Кулаками махать уметь, это для улицы полдела, там важнее готовность идти до конца. Иногда… да что там иногда, в большей половине случаев это банальная отмороженность вкупе с непониманием последствий! Не мужественные парни, а тупые отморозки…
Но тут нужно подключать мозги, умение общаться… Не всем дано, особенно в детстве почему-то. Санька вон, одноклассник в новой школе – вроде не дурак, не ссыкло, не стукач, но всё равно жертвой выбрали. Не вписывается в класс, неформат.
Я-то отмахался, а он нет, чуточку пороху не хватило кастет достать. Или может быть – случая. Не факт, что без той фразочки воспользоваться кастетом решился бы я сам, ой не факт… Правда, теперь вот думаю – к лучшему ли получилось? Лучше дёргаться, потому что тебя в спину толкнуть могут, чем так…
Старшаки подошли к крепкому и ловкому мальчишке на турнике, но как подошли, так и отошли. А вот такой же мальчишка, готовый врезать обидчику кастетом выглядит немного иначе.
– Чё как, пацаны? – Поинтересовались гопники, присаживаясь рядышком. Поведение самое дружелюбное – пусть мы и младше, но вращаемся в более высоких кругах.
– Нормально, чё, – заулыбался Жека, никогда не рассказывающий о проблемах чужакам. Всё-то у него хорошо и замечательно…
– Нормально, – подтверждаю я. Воздух-то зачем сотрясать? Помочь эти не смогут, калибр мелковат. А вот слушок, что у нас что-то не в порядке, существенно может осложнить школьную жизнь.
Потрындели, сидя на корточках, по пацански. Краем глаза поймал завистливо-боязливые взгляды школьников, бросаемые на нашу компанию. Стало смешно и немного грустно.
Что побаиваются, понять могу. Мы-то с Жекой мелочь не трясём, а гопота всяким пробиваются, шакалы как есть. А завидовать… вспомнил ребят из Атырау и понял, что завидовать бы мне они точно не стали.
Зайдя под навес, сунул в отчаянно дымящий очаг сырое брёвнышко и пучок душистых трав.
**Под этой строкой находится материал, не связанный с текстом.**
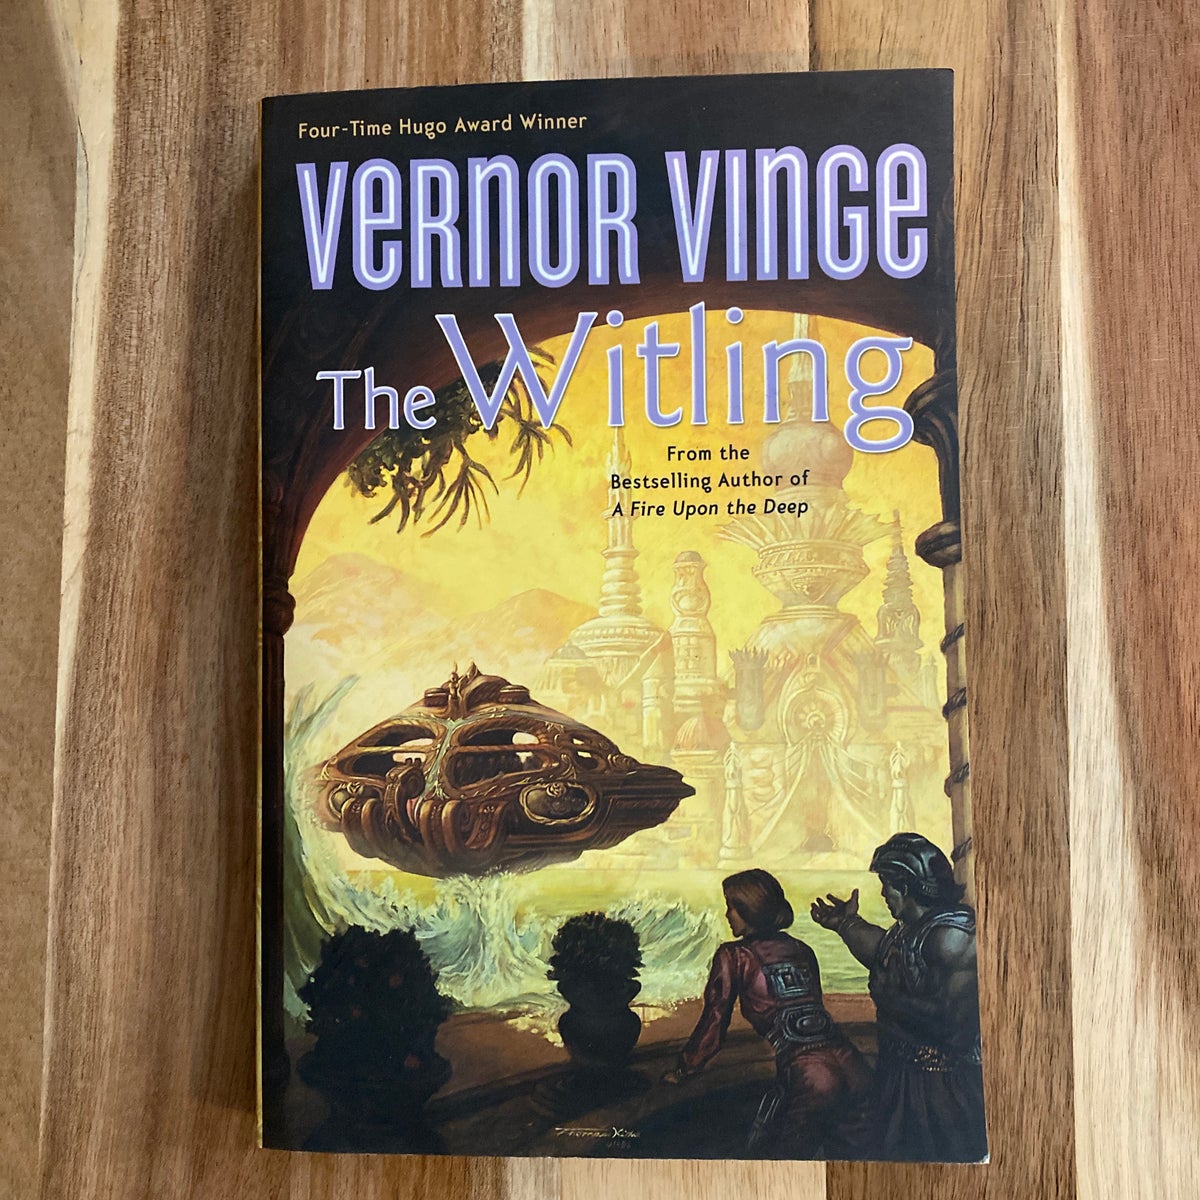 THE WITLING, Vernor Vinge

Задымило с новой силой, клубы дыма поползли по сырой земле, поднимаясь к балкам и крыше.
Тараканы, жуки и прочая крылатая нечисть, выползшая было из щелей перед закатом, снова попряталась. Огонь здесь нужно держать всю ночь, распугивая насекомых, змей и летучих мышей.
Большая часть местной кусачей живности переносит какие-то болезни, порой очень гадкие. Летучие мыши-вампиры, вопреки местным страхам, не выпивают людей досуха, зато служат переносчиками бешенства. При отсутствии вакцин смертность огромная. Я от бешенства и большинства тропических болячек привит, но рисковать не хочется, сплю под противомоскитной сеткой.
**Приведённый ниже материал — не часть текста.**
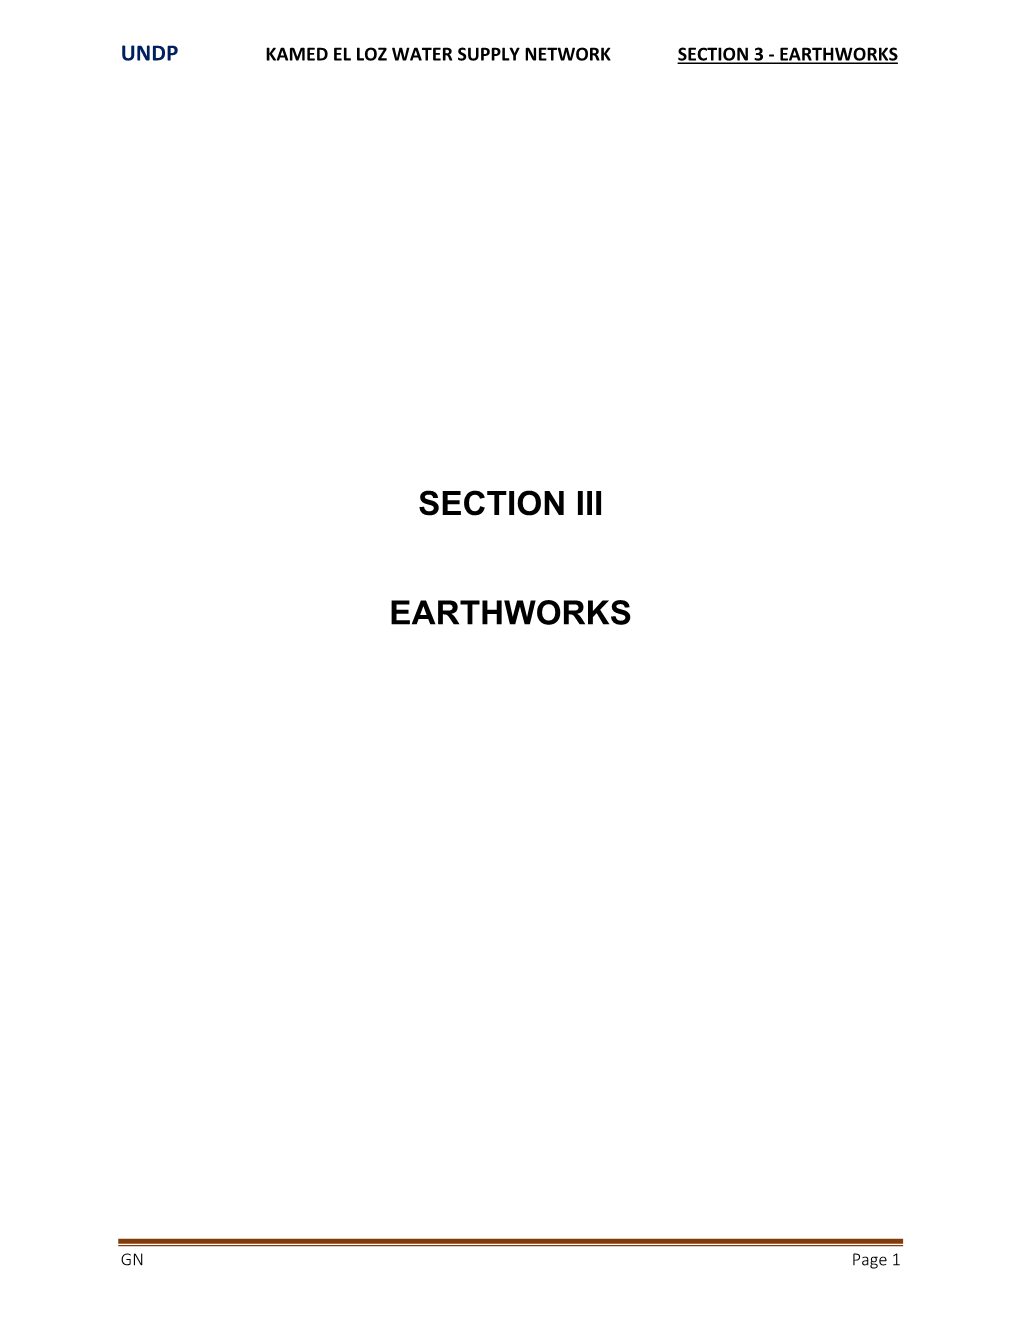 Section Iii Earthworks

Досталась она мне путём сложных и многоходовых интриг пару недель назад. Да… уже месяц прошёл с того дня, как попал в рабство.
По сравнению с остальными, рабство у меня привилегированное – с отдельным жильём и кое-какими поблажками. Могу ловить рыбу и ставить силки, сам готовлю, подкармливая как пациентов, так и бандитов.
Последние очень любят послушать о Европе и навешать на свежие уши лапши из давно заплесневевших новостей и местных страшилок. Народ это всё больше незамысловатый, не обременённый интеллектом, образованием и моралью.
Жизненный опыт богатый, но очень уж однообразный. Детство в трущобах, первое убийство, банда, тронул не того человека – побег из города. Иногда это разбавлялось отсидкой в тюрьме или пребыванием на каторге.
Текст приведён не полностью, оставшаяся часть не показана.